CFMEU fights takeover of state branches
The CFMEU in Queensland and NSW has attacked the Albanese government’s bid to put the union’s construction divisions into administration.
The CFMEU in Queensland and NSW has attacked the Albanese government’s bid to put the union’s construction divisions into administration, increasing the prospect that special federal laws will be needed to take external control of the branches.
The union’s Queensland construction division said the entire state union movement would oppose the federal attempt to install unelected administrators over its operations, claiming any allegations of corruption and wrongdoing against the state division had no credibility.
The union’s NSW construction division said the union was under “unprecedented attack”, telling members “governments, state and federal, the big end of town, and the ACTU want you to work for less, in unsafe conditions”.
The Queensland branch is considering opposing in court the upcoming application by the Fair Work Commission to place the construction divisions into administration, opening the way for Workplace Relations Minister Tony Burke to act on his threat to bring in special legislation to fast-track the external appointment.
“We have made clear what the consequences will be if this hasn’t been resolved by the time parliament returns,” a spokesman for Mr Burke said on Thursday.
The ALP national executive on Thursday suspended the affiliation of the union’s construction divisions in NSW, Victoria, Tasmania and South Australia but did not cut ties with Queensland as, in accordance with party rules, it could not be shown it had engaged in conduct that rendered it unsuitable for affiliation.
However, Premier Steven Miles said this week the state ALP would not accept donations from the union’s Queensland construction division while other branches were under investigation.
ALP national secretary Paul Erickson said the party would not accept affiliation fees or political donations from the CFMEU branches for the period of the suspension. “The No 1 job of any union and its officials is to look after its members. The reported behaviour is the complete opposite of this,” Mr Erickson said.
Insisting she had no knowledge before the weekend about criminal elements allegedly infiltrating the union, ACTU secretary Sally McManus said the CFMEU construction division had been isolated from the peak union body since former state secretary John Setka defied her calls to resign five years ago after he said he would plead guilty to harassing his estranged wife.
“The CFMEU has been isolated from the ACTU for the last five years and it’s been a serious split. John Setka personally is a vengeful person. The ACTU and the officials of the ACTU are on his vengeance list and we have been for the past five years,” she told The Australian.
Ms McManus said after he refused to resign, Mr Setka wreaked revenge on any CFMEU officials who would not support him, including former national secretary Michael O’Connor and Mr Setka’s former deputy, Shaun Reardon
“One by one, those leaders who had union principles which were not about bullying and were about unity for everyone, he moved them aside, he went after them,” she said.

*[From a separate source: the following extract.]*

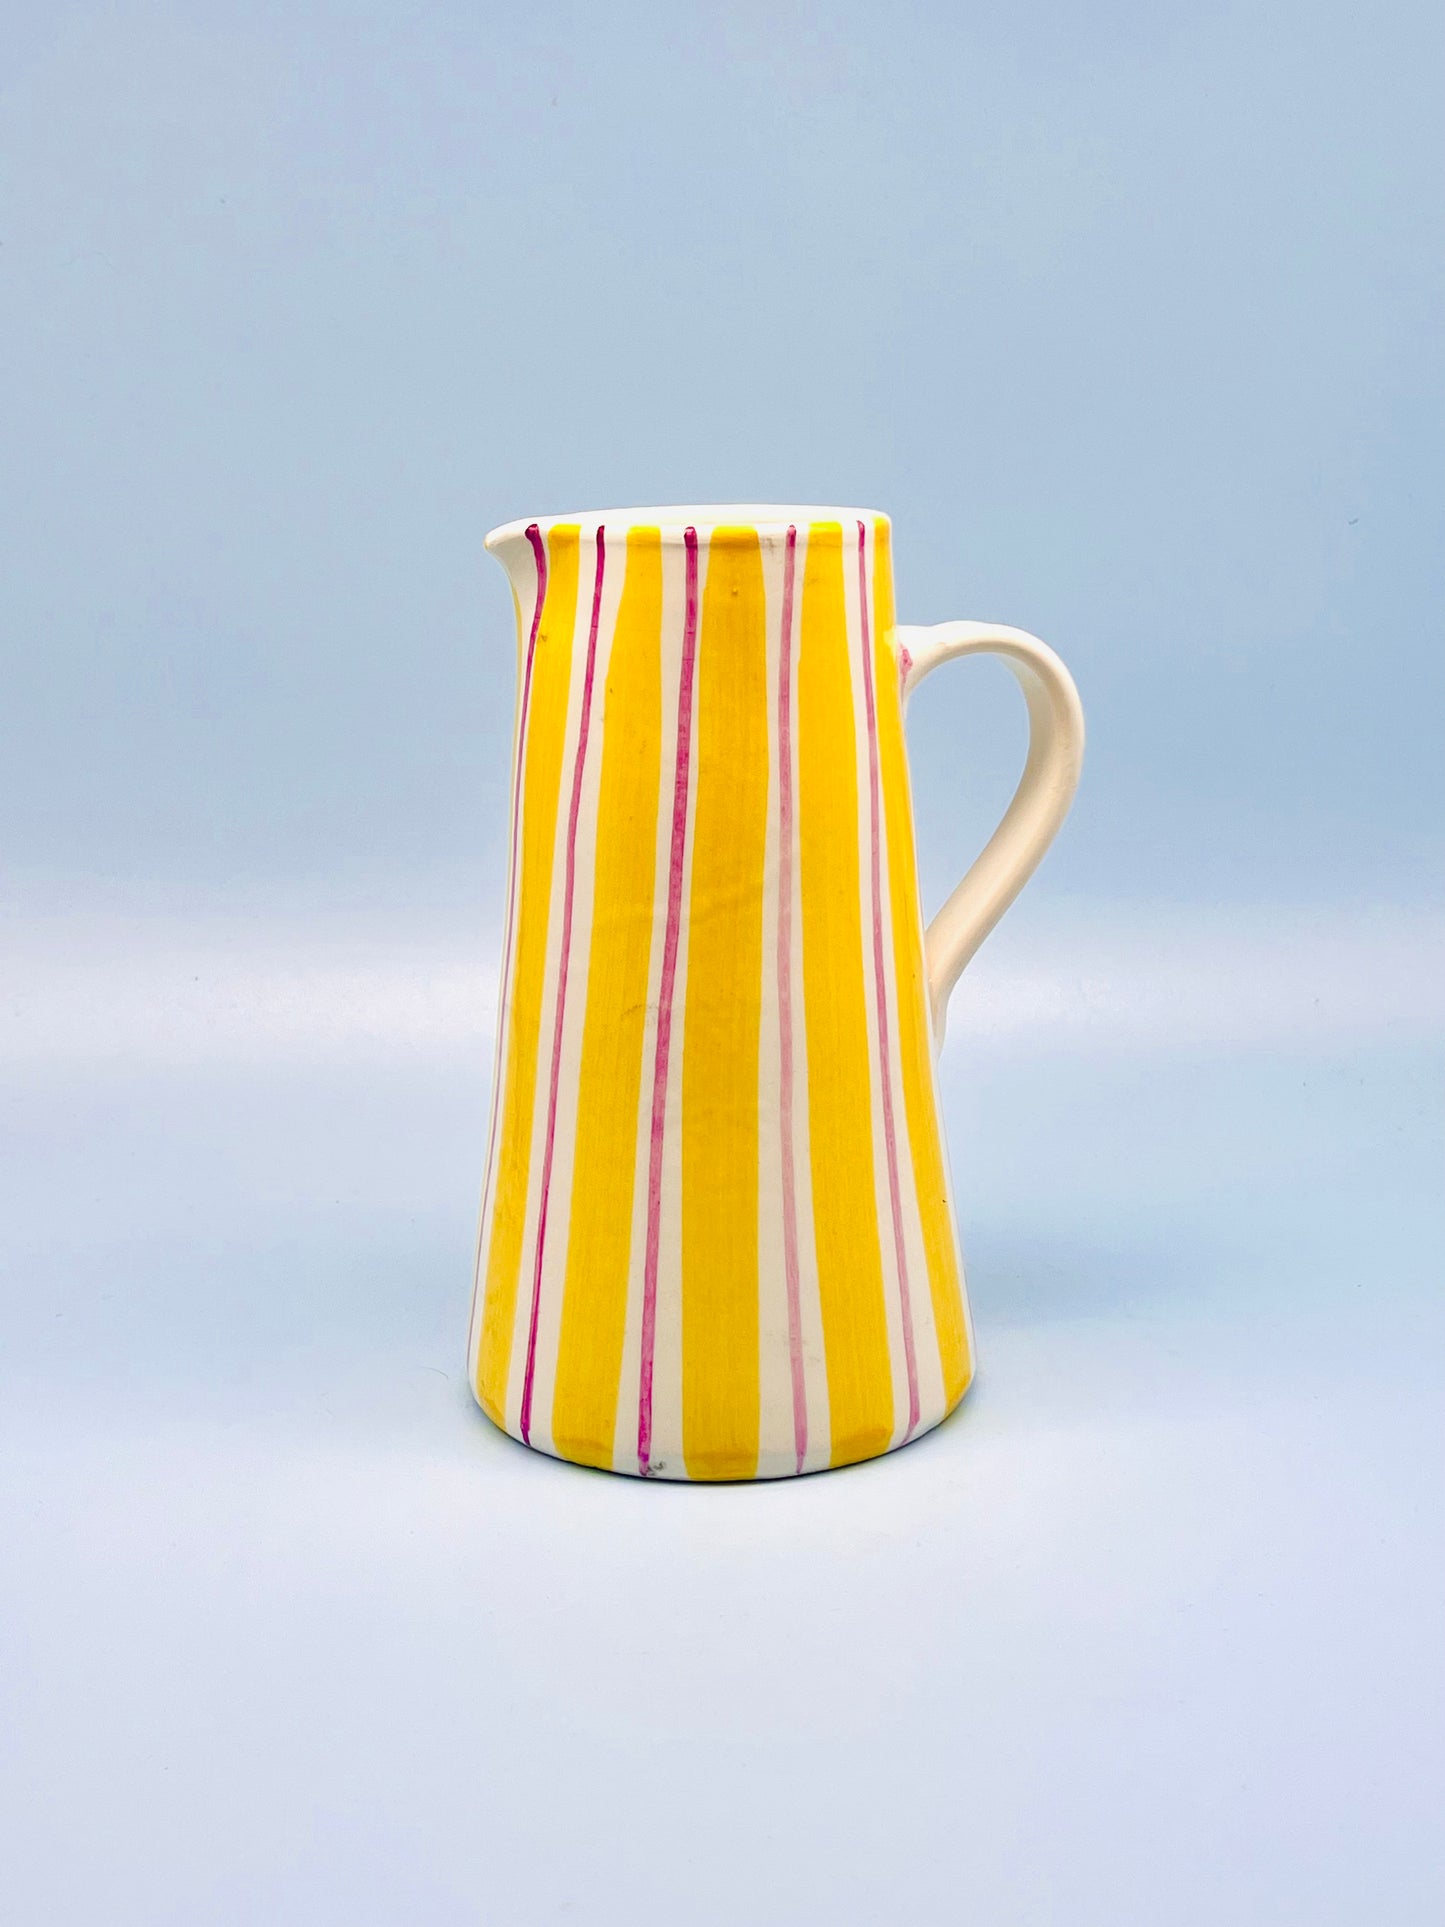 Jarra Stripes Yellow-Lila Morueco 1,75L

“He wreaked revenge because they did not support him.
“In the end, the only people he had around him reinforced his behaviour and wouldn’t stand up to him. That’s when they got, in my view, unmoored from union values.”
Ms McManus rejected any suggestion the ACTU should have known that criminal elements had infiltrated the CFMEU’s construction division.
“There’s no way whatsoever we would have tolerated anything like that,” she said.
“We didn’t tolerate DV allegations. Think about that standard. Very, very serious but like somehow we tolerate organised crime?
“I would have seen that as a red alert threat to the union movement and would have moved immediately if I had thought that was a possibility.”
She said ACTU staff had been told to work from home for the rest of the week “in an abundance of caution, for health and safety”.
“There’s been no threats but lots of people have raised with me now about being mindful of personal safety, given who we’re dealing with, and given the stance the ACTU has taken,” she said.
The union’s Queensland secretary, Michael Ravbar, said Anthony Albanese’s “autocratic attempt to disenfranchise union members has set a dangerous precedent for every union”.
Mr Albanese said the government had taken the strongest possible action to stamp out corrupt conduct.